ODs on the spec and nanodrop

So there are two ways to measure bacterial culture ODs in the lab. The first is to use the nearby ~ $10,000 Thermofisher Nanodrop One (no cuvette option). The second option is to use a relatively cheaply made cuvette-based spectrophotometer I bought off of Amazon for ~ $100. To make it clear, this comparison is not a statement about the value of a Nanodrop (though I will say that having an instrument like a Nanodrop is essentially a must in a mol biol lab). This is more about if the Nanodrop is already being used by someone and waiting would get in the way of some bacterial speccing timepoints, can I purchase a $100 piece of equipment to relieve such a conflict? Especially for bacterial cultures, where volume isn’t really an issue and the measurement is simply the reading at 600 nm, not even requiring some algebra to make a conversion to more practical units (like ng/uL for DNA).

So to do this comparison, over a number of independent instances, I took the same bacterial culture and put 1mL into a cuvette and ran it on the old spec, and took 2 uL and put it on the Nanodrop pedestal and measured there. I made a table of the results, and graphed it in the plot below.

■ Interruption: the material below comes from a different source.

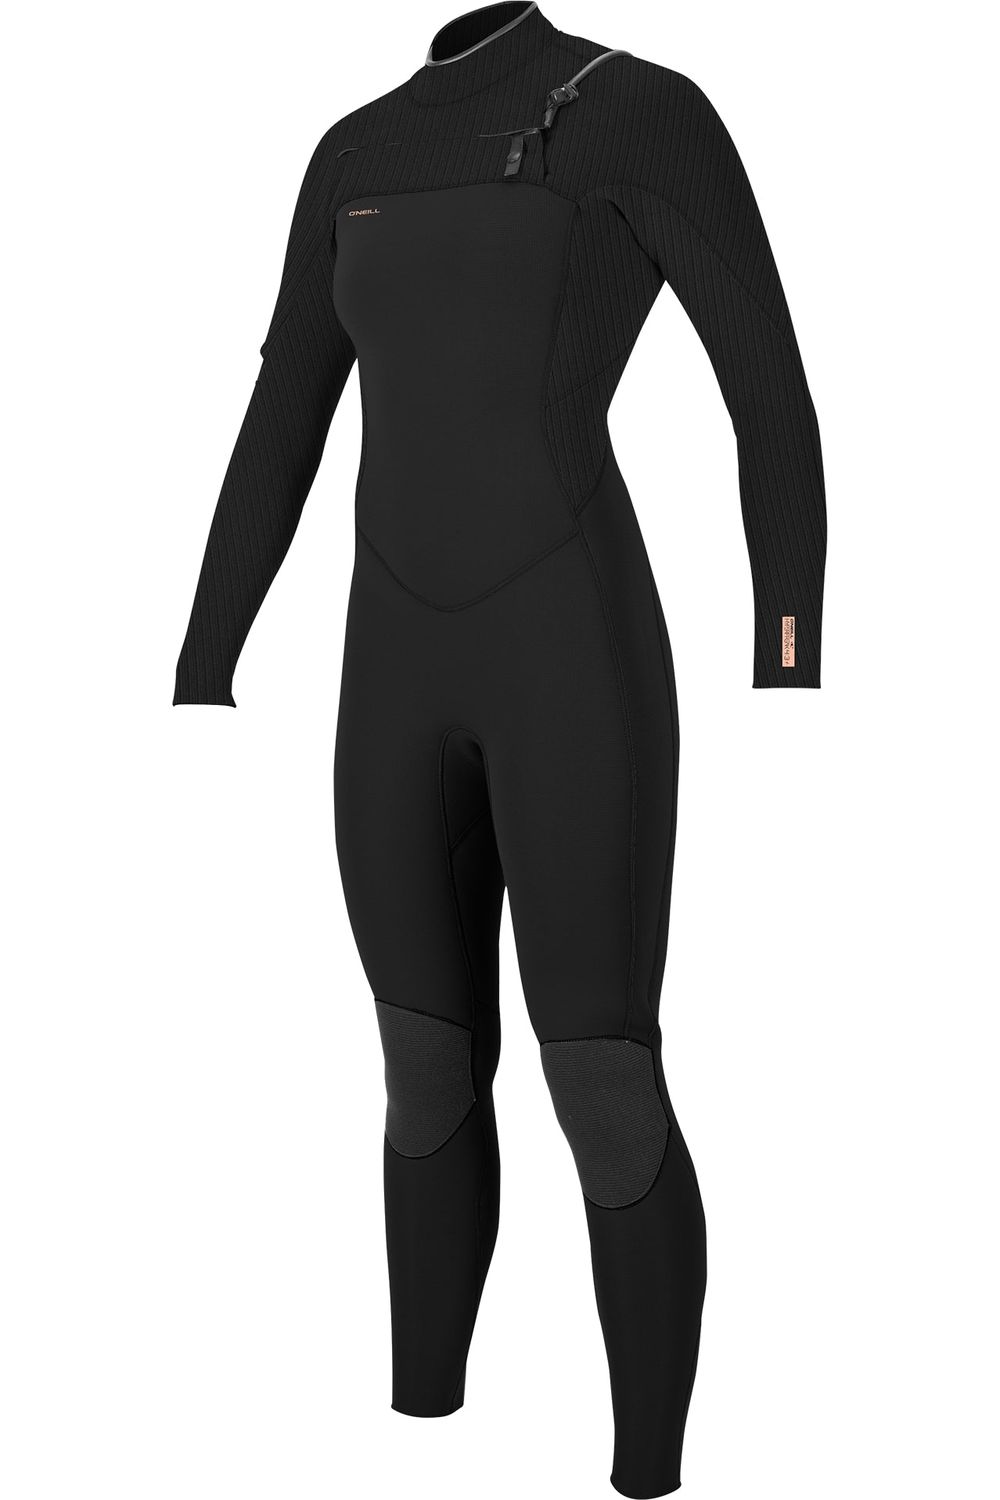 O'neill Hyperfreak Wetsuit Womens 4/3+ from front

So the readings on the two instruments certainly correlate (that’s good), although it’s not an exact 1:1 relationship. In fact, the nanodrop gave numbers roughly 1.5 times higher than the spec. But if the two instruments give two different readings, then the question becomes “which is right?”

And to that, I essentially say there is no right answer. Each is a proxy for bacterial cell density (ie. Billions of bacteria / mL), but there’s no “absolute” information encoded in the OD number that tells us that specifically for our bacteria, and we’d still have to come up with a conversion factor either way (ie. my doing limiting dilutions of specc’d cultures and counting colonies), and once we have that, both will be right with that context. Sure, it would be nice if we had a method that was the most in-line with whatever ODs that were being described by various papers in the literature, but who knows what they used (recent papers may be using ODs from the nanodrop [with some perhaps using the cuvette option but many others not], while the older publications certainly didn’t have and instead likely used some old-school form of spec). But even that’s going to be heterogeneous, and will only give limited information anyway.

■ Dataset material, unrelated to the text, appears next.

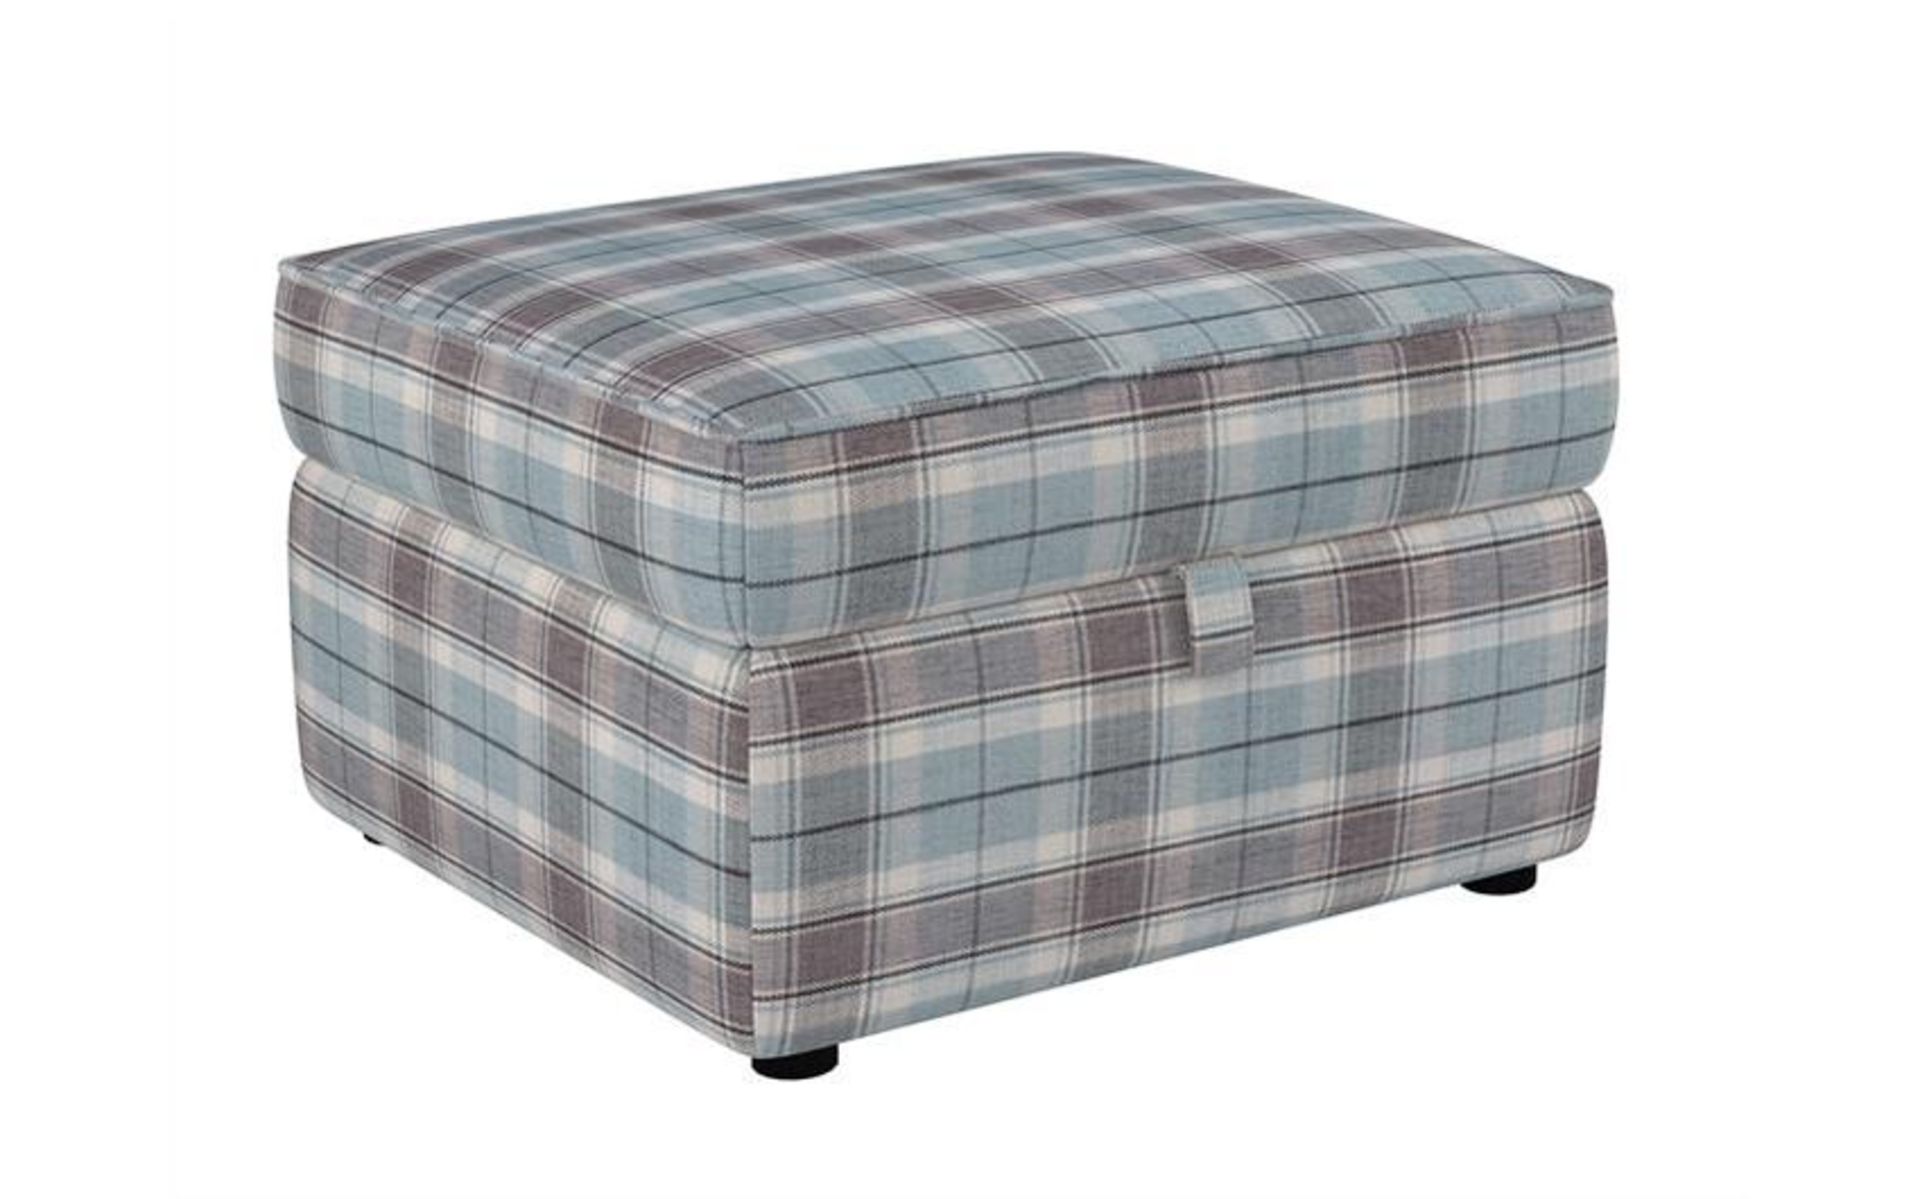 ScS Roseland Storage Footstool 0052 Duck Egg Oban Plaid Black Glides RRP 469 About the Product(s) - Image 2 of 2

Well, good record-keeping to the rescue. We’ve transformed the positive control plasmid enough times to sample a range of various ODs just by chance, to see if certain bacterial ODs correlate with transformation efficiency. And boy, there’s been a whole lot of nothing there so far (which is actually quite notable; see below).

(FYI: I don’t remember which instrument I used to measure the OD A600 readings. Probably mostly the old spec, tho).

So yea, I’ve generally used cultures with ODs at the time of collection between 0.1 and 0.45, and they’ve collectively given me transformation rates of ~ 20,000 using our standard “positive control” plasmid. So there seems to be a pretty wide window of workable ODs. But generally speaking, I see no issue with having a culture of 0.1 to 0.4 OD as measured with either machine for use with chemical transformation.